J Cardiothorac Vasc Anesth. 2023 Jul;37(7):1152-1159. doi: 10.1053/j.jvca.2023.02.045. Epub 2023 Mar 4.

DOI:10.1053/j.jvca.2023.02.045
PMID:37080841
Abstract

OBJECTIVE

To compare the outcomes of patients receiving del Nido solution versus any other type of cardioplegia.

DESIGN

A systematic review and meta-analysis of randomized trials.

SETTING

Cardiac operating rooms.

PARTICIPANTS

Adult patients (≥18 years old) undergoing cardiac surgery.

INTERVENTIONS

The EMBASE, MEDLINE, and CENTRAL databases were searched systematically from their inception until August 2022 for randomized controlled trials comparing del Nido versus other cardioplegias.
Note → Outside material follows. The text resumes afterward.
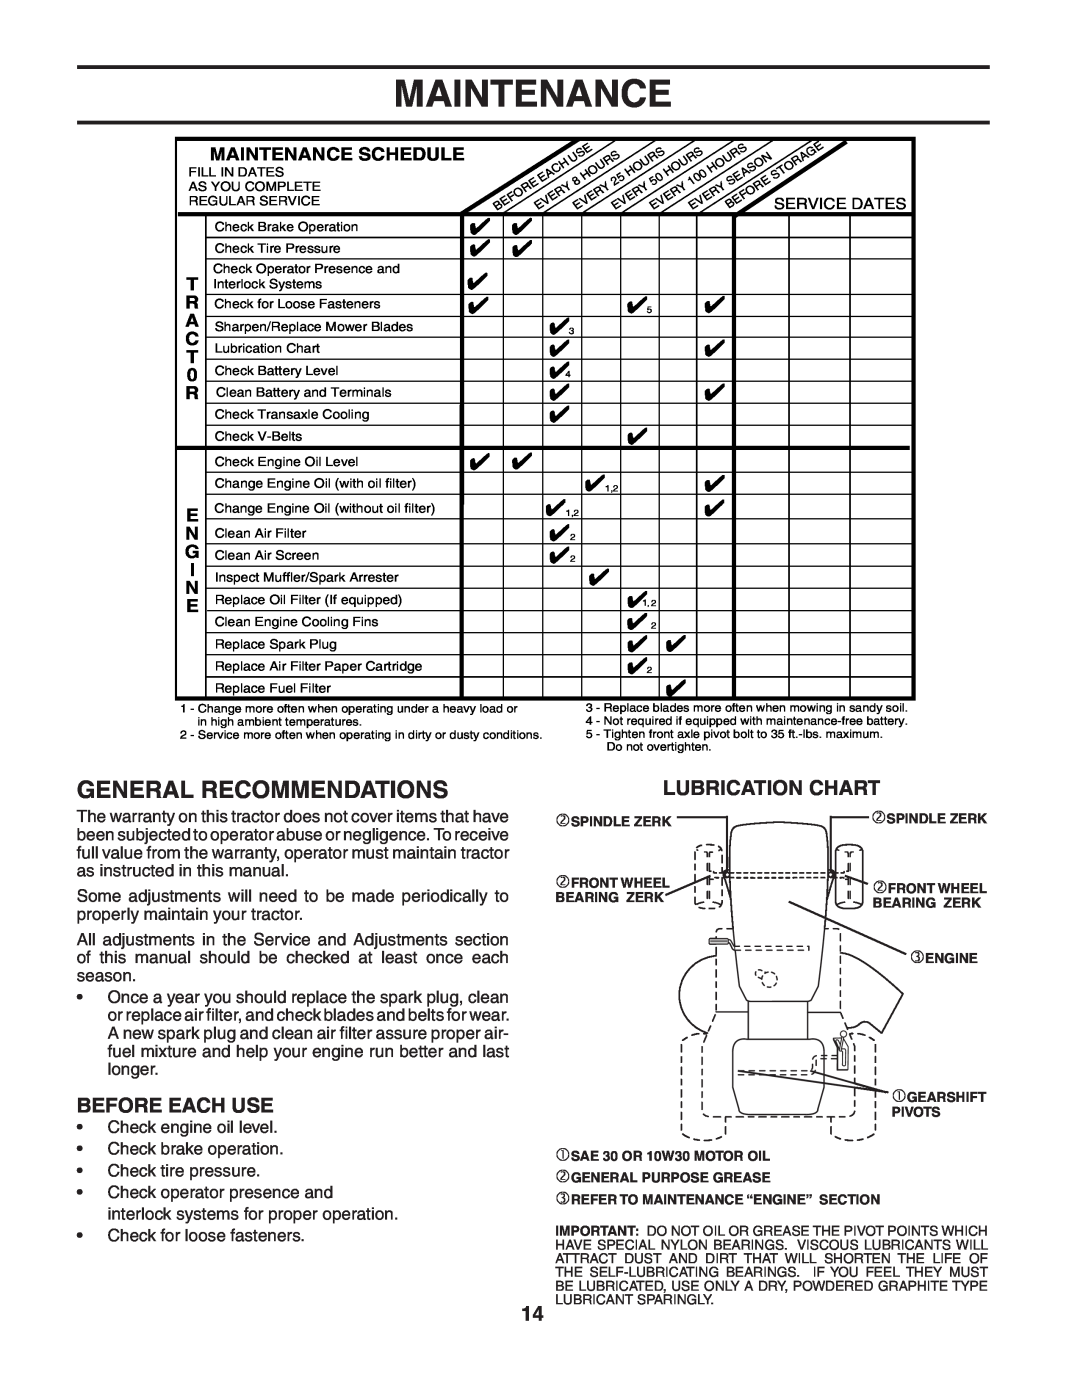 Weed Eater WET2242STA manual Maintenance, General Recommendations, Before Each Use, Lubrication Chart

MEASUREMENTS AND MAIN RESULTS

Ten studies were included, including 1,812 patients (871 in the del Nido group and 941 in the control group), and published after 2017. There were significant reductions in postoperative stroke and/or transient ischemic attack rate in the del Nido group: 9/467 (1.9%) v 25/540 (4.6%); odds ratio (OR), 0.43; 95% CI, 0.20-0.92 (p = 0.007). Del Nido cardioplegia was also associated with significantly shorter aortic cross-clamp time (mean difference, -8.99 minutes; 95% CI, -17.24 to -0.73 [p < 0.001]), significantly reduced need for defibrillation (89/582 [15%] v 252/655 [38%]; OR, 0.33; 95% CI, 0.15-0.72 [p < 0.001]), significantly lower risk of postoperative acute kidney injury (21/235 [8.9%] v 34/301 [11%]; OR, 0.50; 95% CI, 0.26-0.97 [p = 0.04]), with no effect on mortality (14/607 [2.3%] v 12/681 [1.8%]; p = 0.5).

CONCLUSION

According to the authors' meta-analysis of recent randomized clinical trials, del Nido is a safe cardioplegic solution, which might provide better organ protection in adult cardiac surgery without differences in mortality when compared to other cardioplegic solutions.

摘要

目的

比较接受 del Nido 溶液与任何其他类型心脏停搏液的患者的结局。

设计

系统评价和荟萃分析的随机试验。

设置

心脏手术室。

参与者

接受心脏手术的成年患者(≥18 岁)。

干预措施

从开始到 2022 年 8 月,系统地在 EMBASE、MEDLINE 和 CENTRAL 数据库中搜索比较 del Nido 与其他心脏停搏液的随机对照试验。

测量和主要结果

共纳入 10 项研究,包括 1812 例患者(del Nido 组 871 例,对照组 941 例),均发表于 2017 年后。del Nido 组的术后卒中和/或短暂性脑缺血发作发生率显著降低:9/467(1.9%)比 25/540(4.6%);比值比(OR),0.43;95%置信区间(CI),0.20-0.92(p=0.007)。del Nido 心脏停搏液还与主动脉阻断时间明显缩短相关(平均差值,-8.99 分钟;95%CI,-17.24 至-0.73[ p<0.001])、显著减少除颤需求(89/582 [15%]比 252/655 [38%];OR,0.33;95%CI,0.15-0.72[ p<0.001])、术后急性肾损伤风险显著降低(21/235 [8.9%]比 34/301 [11%];OR,0.50;95%CI,0.26-0.97[ p=0.04]),但对死亡率无影响(14/607 [2.3%]比 12/681 [1.8%];p=0.5)。

结论

根据作者对最近随机临床试验的荟萃分析,del Nido 是一种安全的心脏停搏液,与其他心脏停搏液相比,在成人心脏手术中可能提供更好的器官保护,而死亡率无差异。